◆ **Data section**:
────
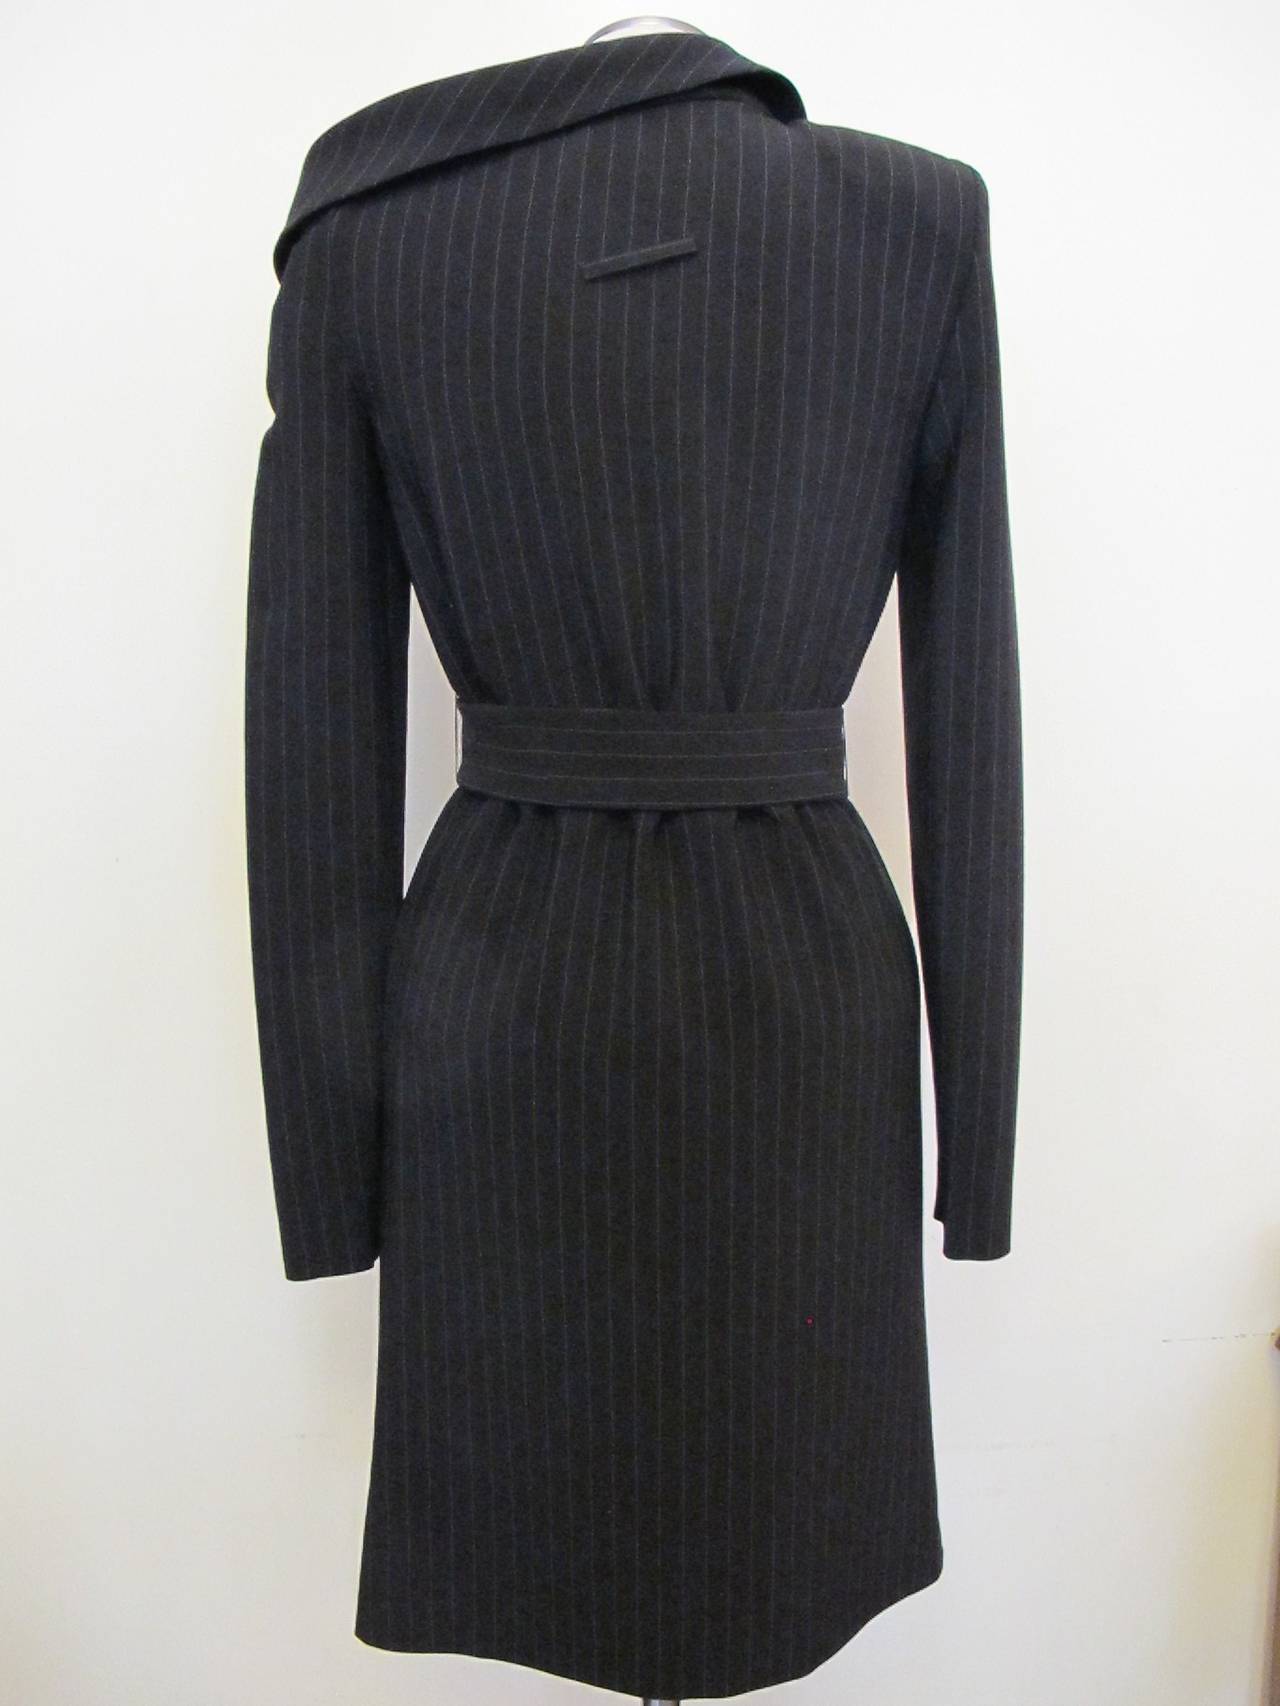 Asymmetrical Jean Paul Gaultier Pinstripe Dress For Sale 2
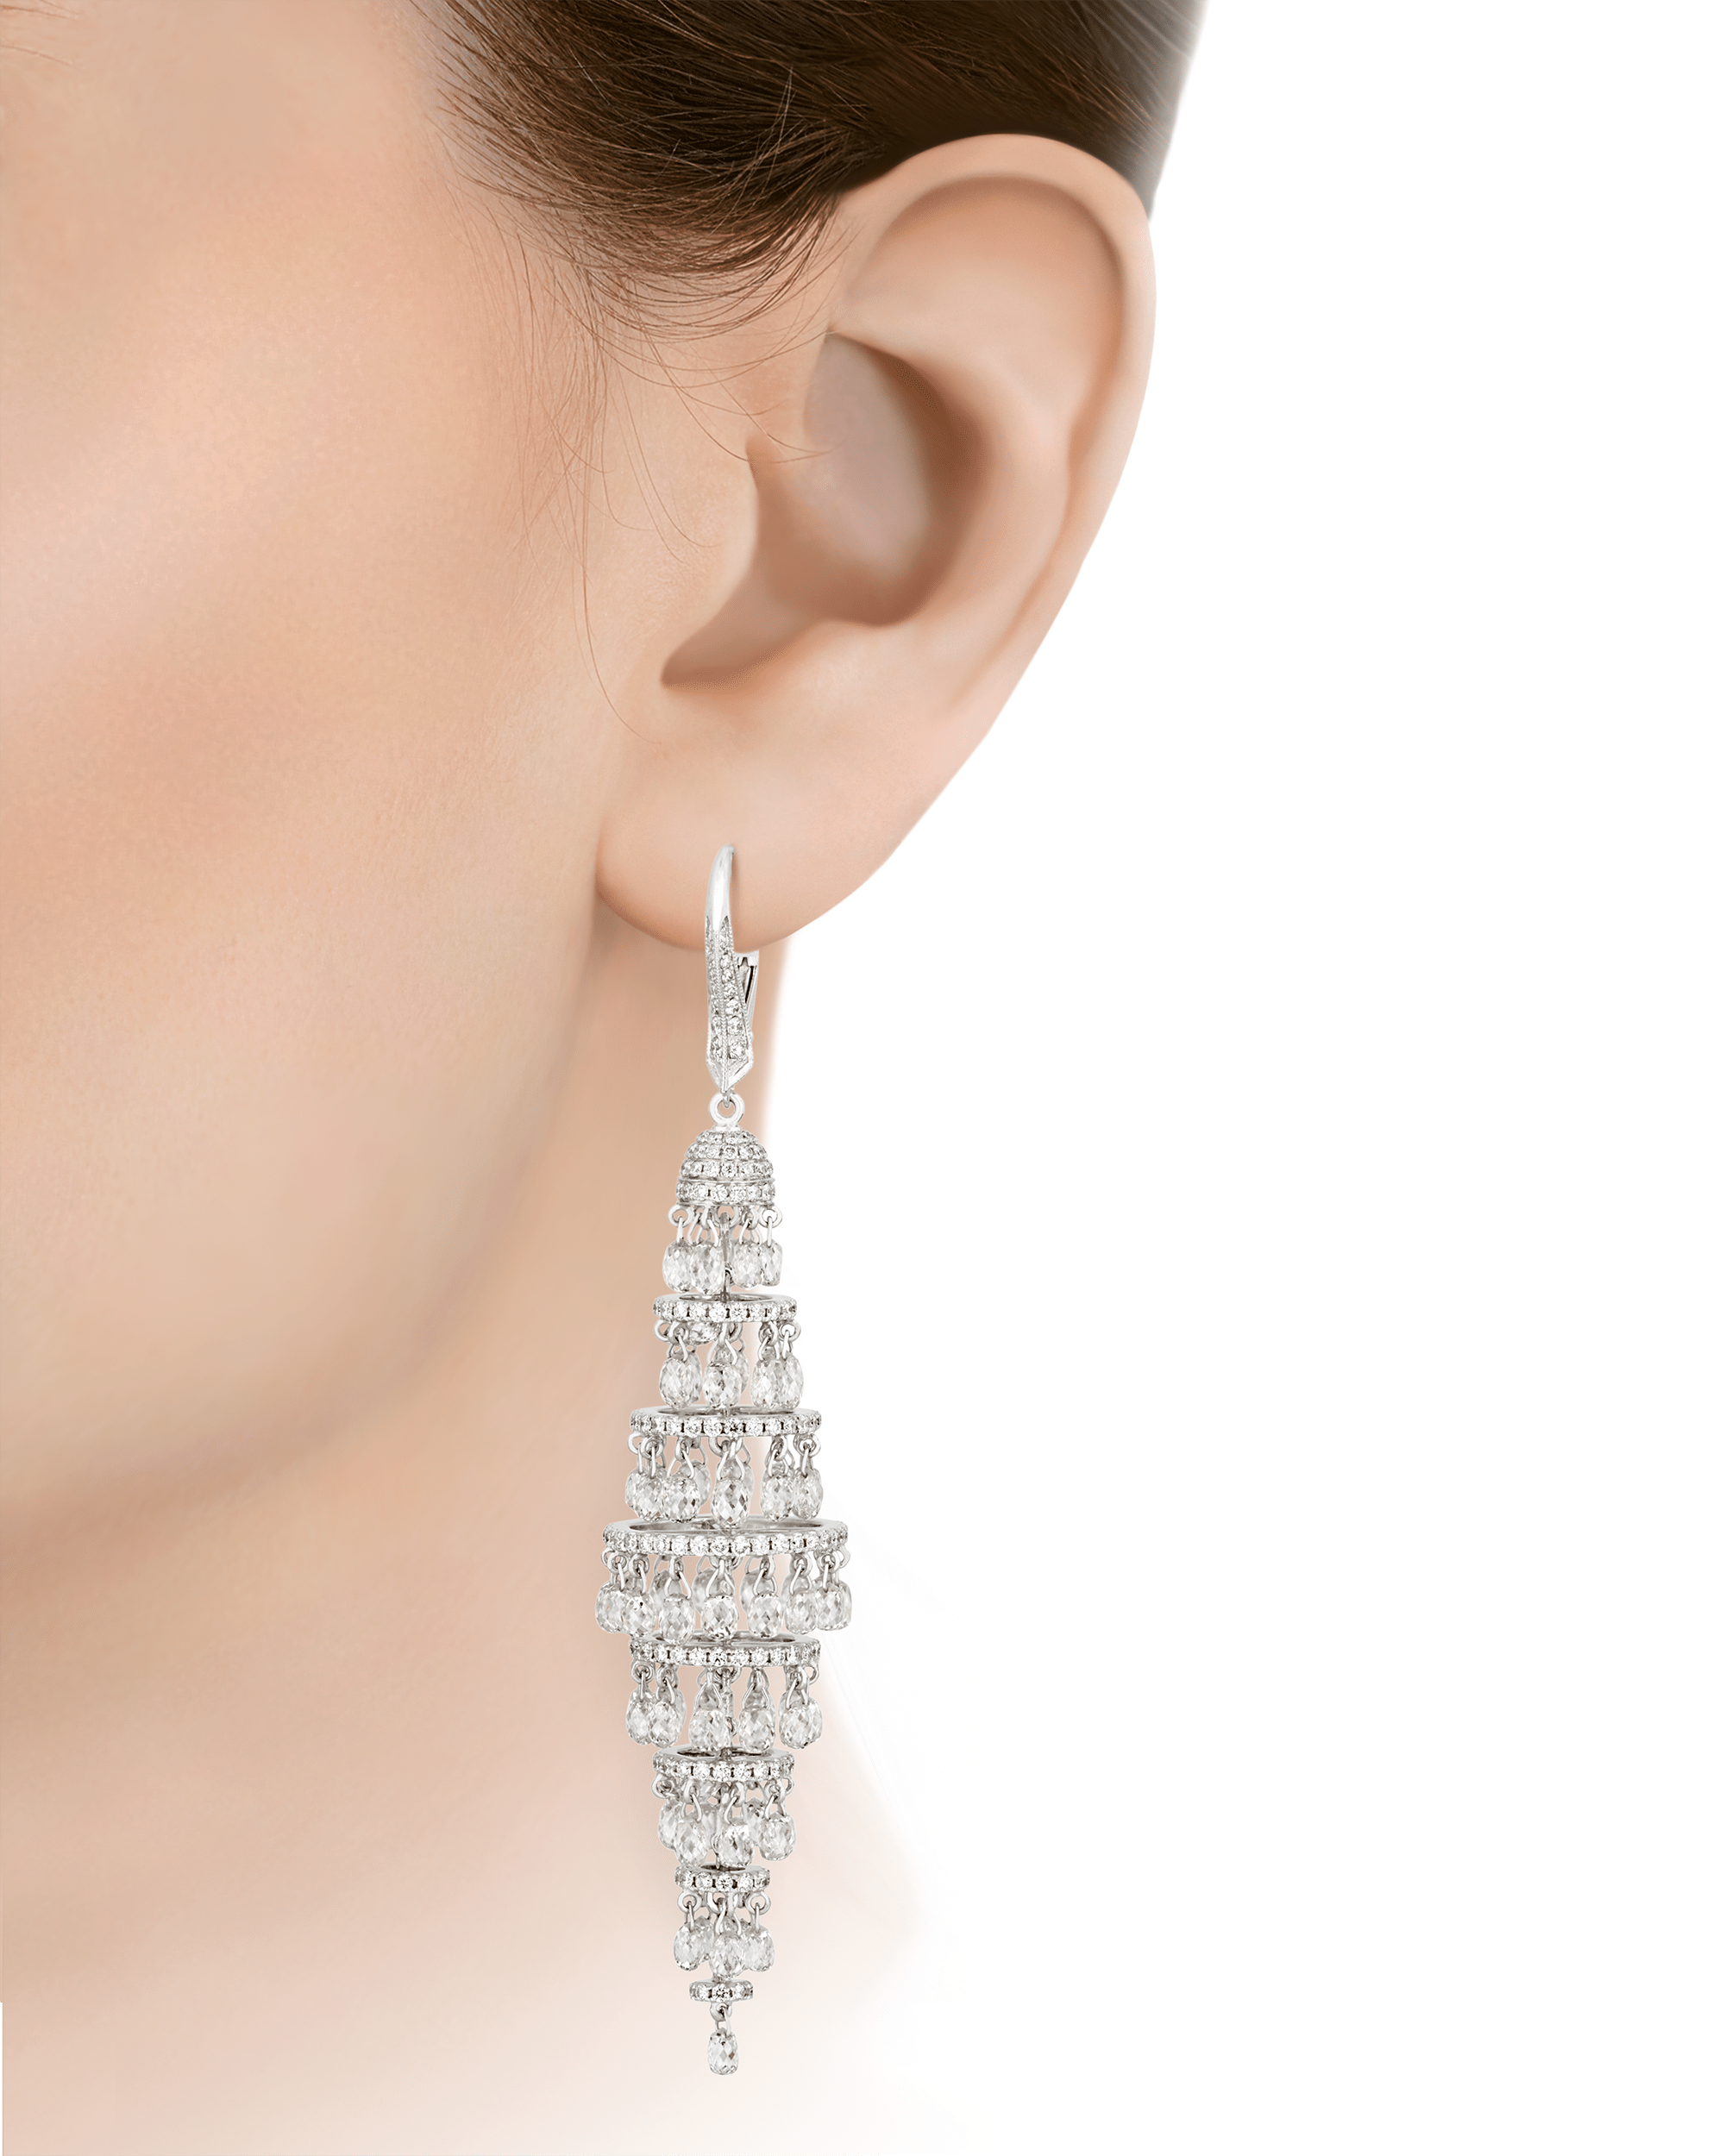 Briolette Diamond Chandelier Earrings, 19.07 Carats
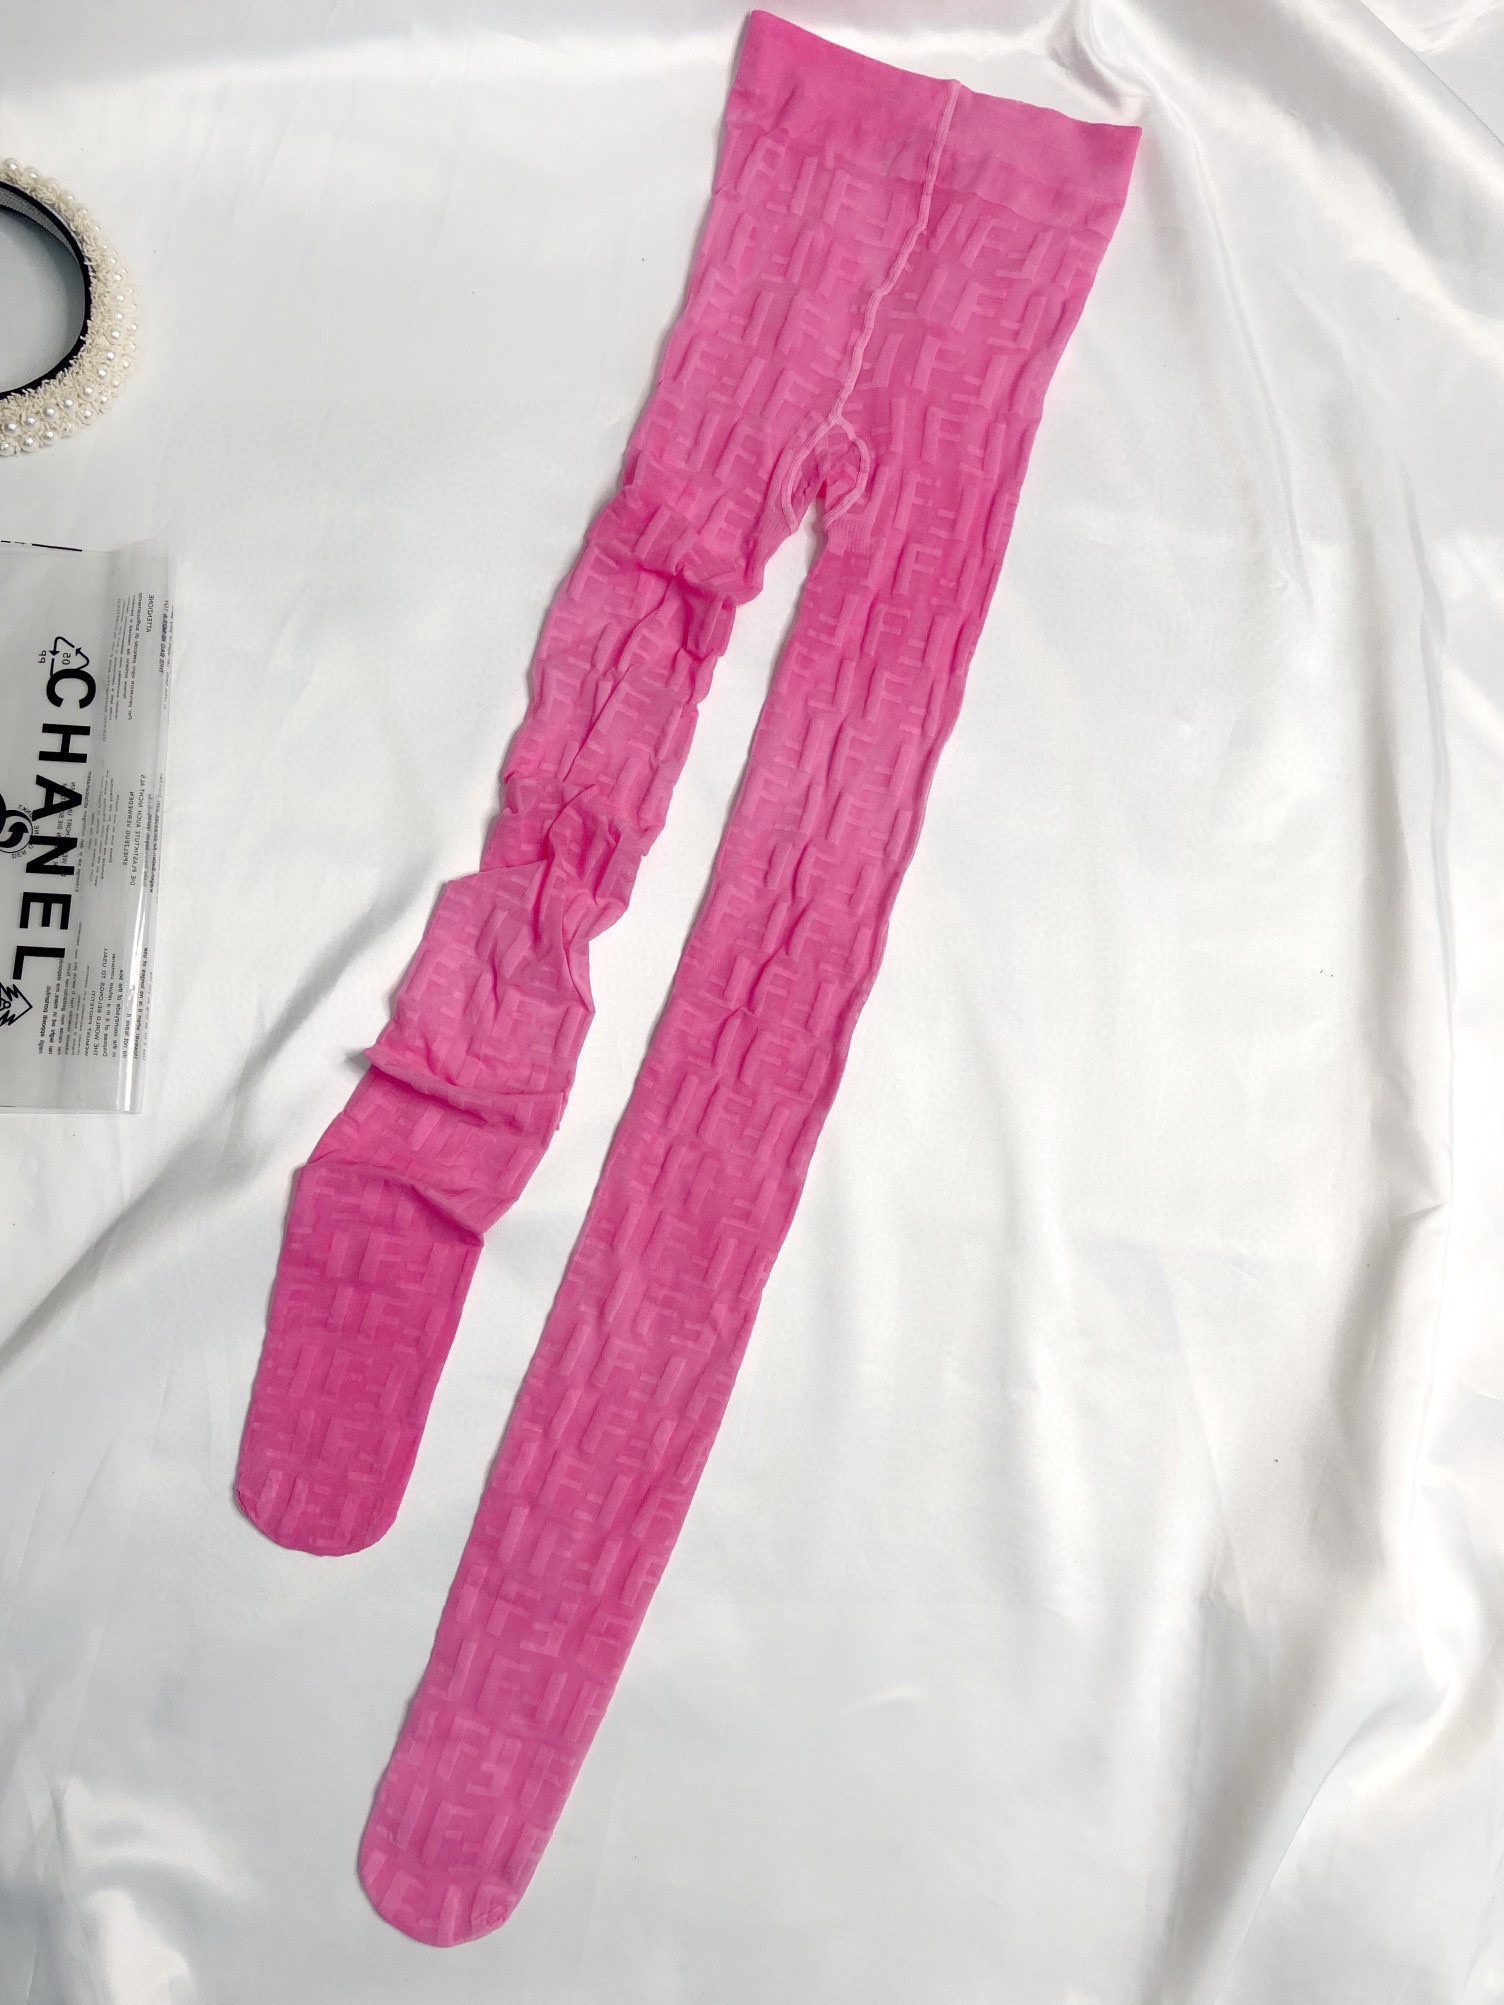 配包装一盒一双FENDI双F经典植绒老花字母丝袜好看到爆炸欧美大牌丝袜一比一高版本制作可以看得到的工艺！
────
◆ **Requirement**: The answer should consist of every line above, exact and free of images.

◆ **Result below**:
 Asymmetrical Jean Paul Gaultier Pinstripe Dress For Sale 2
 Briolette Diamond Chandelier Earrings, 19.07 Carats
 配包装一盒一双FENDI双F经典植绒老花字母丝袜好看到爆炸欧美大牌丝袜一比一高版本制作可以看得到的工艺！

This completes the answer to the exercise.